Inside Radio is reporting this morning (8/25/09) that Clear Channel engineers performed “extensive tests” in Connecticut and determined that a full 10-dB increase in “HD” digital signals on the FM band wouldn’t cause interference.

Oddly enough, this is the first time since the website was redesigned some months ago that a "read full story" link at the end of a www.insideradio.com homepage story précis has failed to bring up the full story! It asked me to log in. But to log in, you have to be a member, and there’s a substantial fee to join.

Does anybody know whether that Clear Channel “test” report is available online? I’m sure some of us could rip its methodology to shreds!
 
Knowing a bit about the geography and FM band distribution in Connecticut, I'd be fascinated to read this! What did they do, sit in downtown Hartford, listen to the local in-market stations and ignore everything else from Springfield, SW CT, eastern CT, Long Island, etc? I'll bet that's exactly what they did.

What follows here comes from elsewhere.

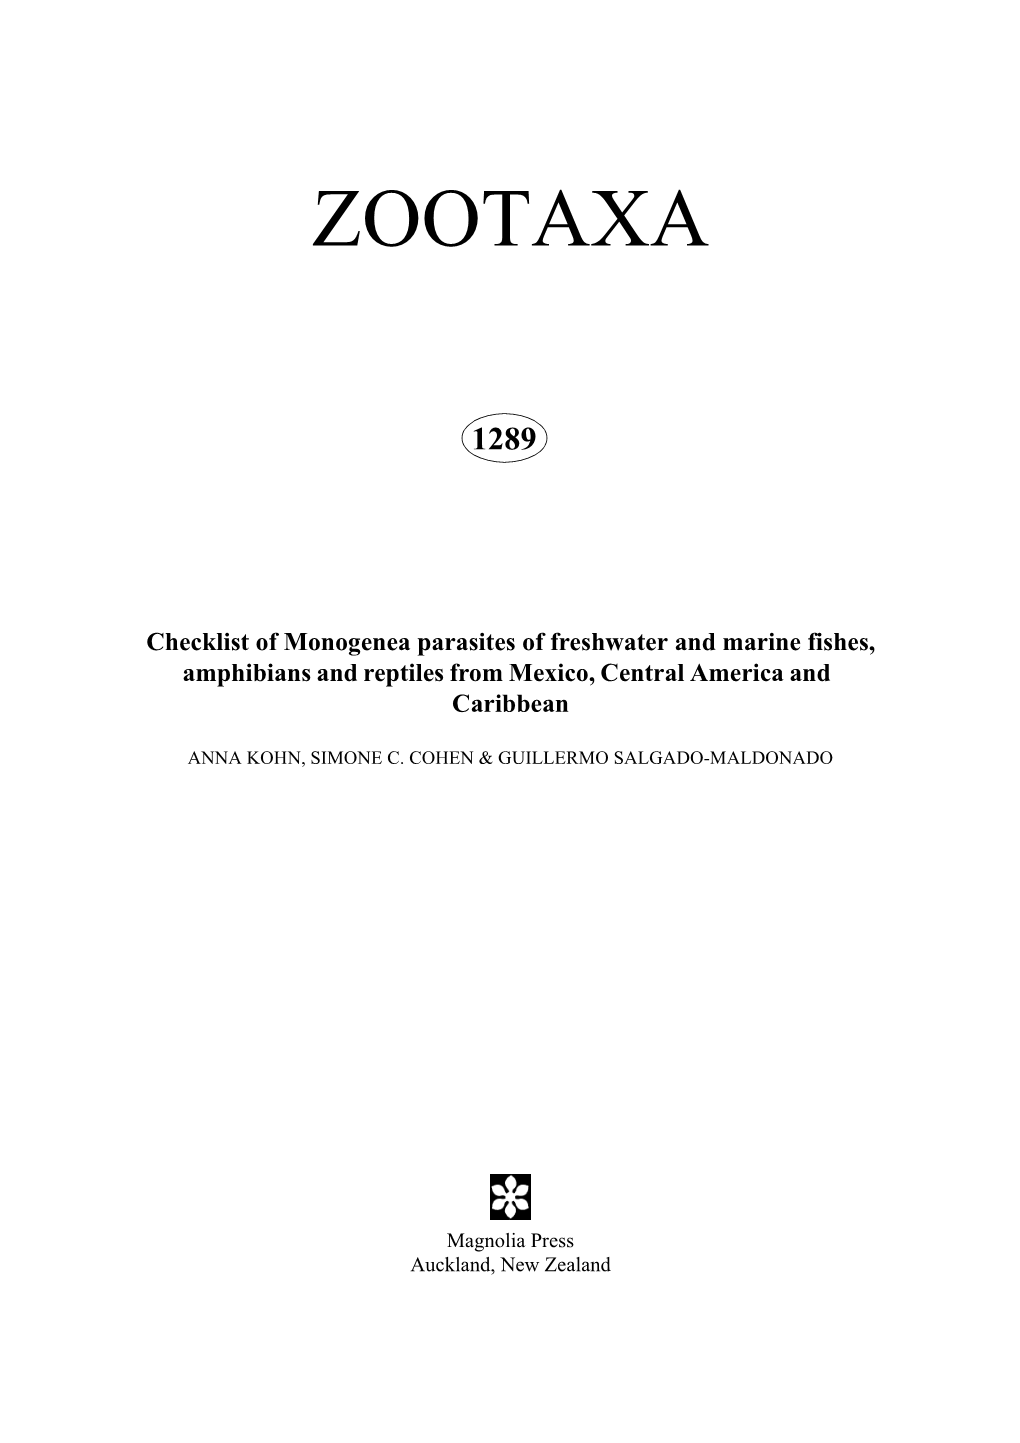 Zootaxa: Checklist of Monogenea Parasites Of
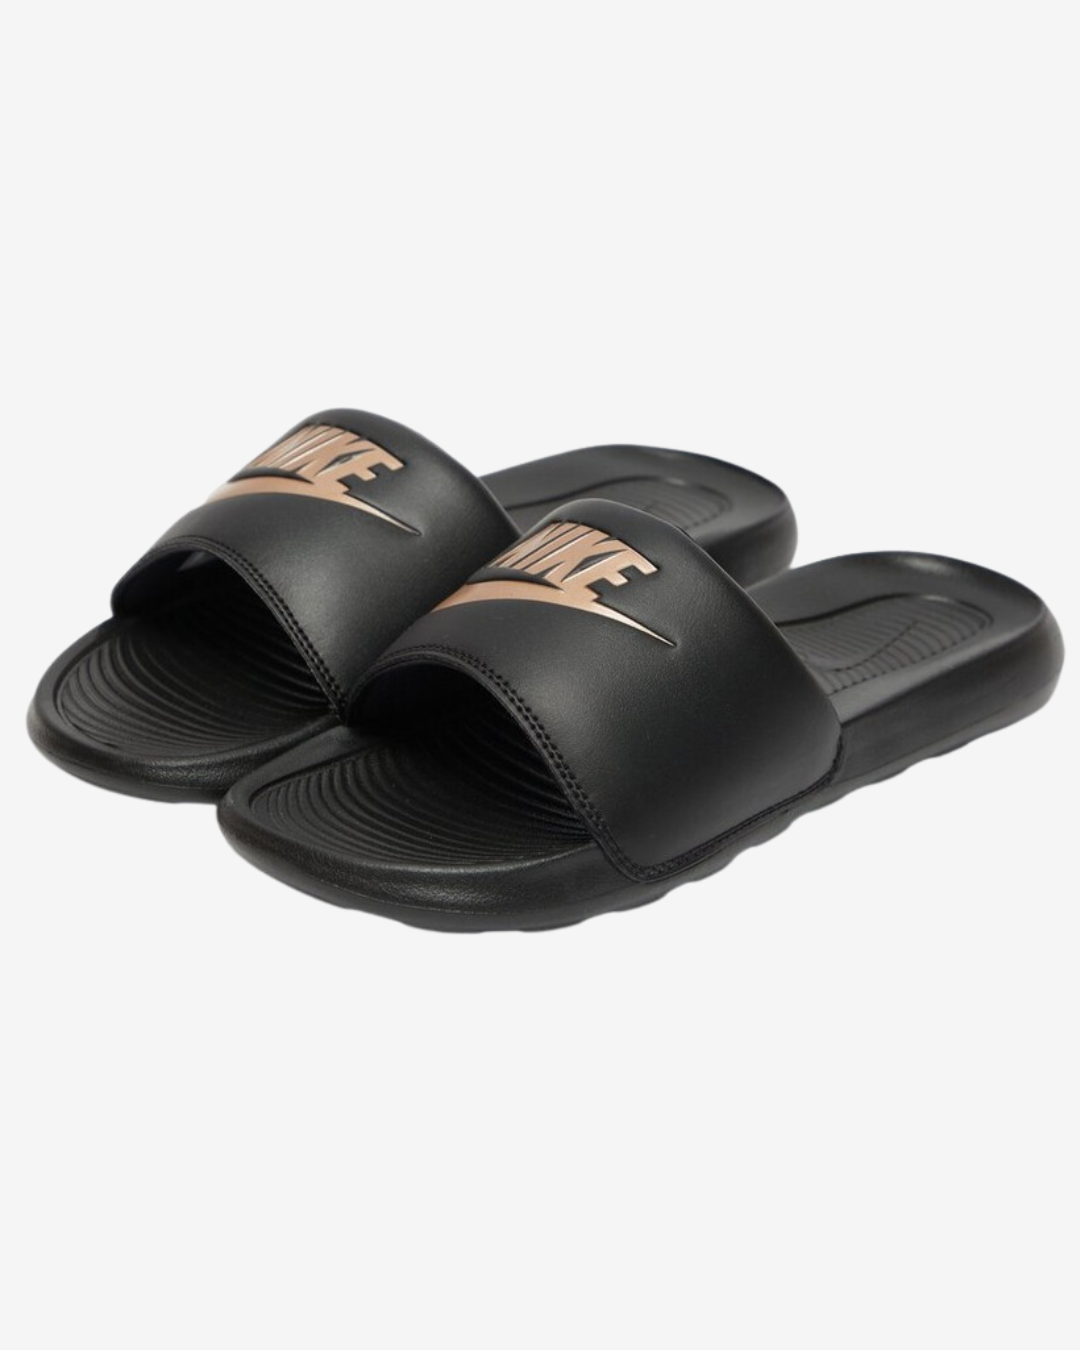 Se Nike Victori slippers - Sort / Bronze - Str. 40.5 - Modish.dk hos Modish.dk

What I'd bet that they didn't do was check out the effects of such a hike in a place like Fairfield or Bridgeport or Colchester or Southbury or Enfield. Places where multiple markets' worth of FM signals are available. Not to mention those humid days when signals from Providence and New Bedford come in like locals.

Idiocy.
 
Well, in the opening statement it says "During
these tests at -10 dBc and licensed operation at -20 dBc, however, the station did not
receive a single complaint of interference from other stations or the public."

My question is, why would they? Who is listening to this? Buehler? Buehler?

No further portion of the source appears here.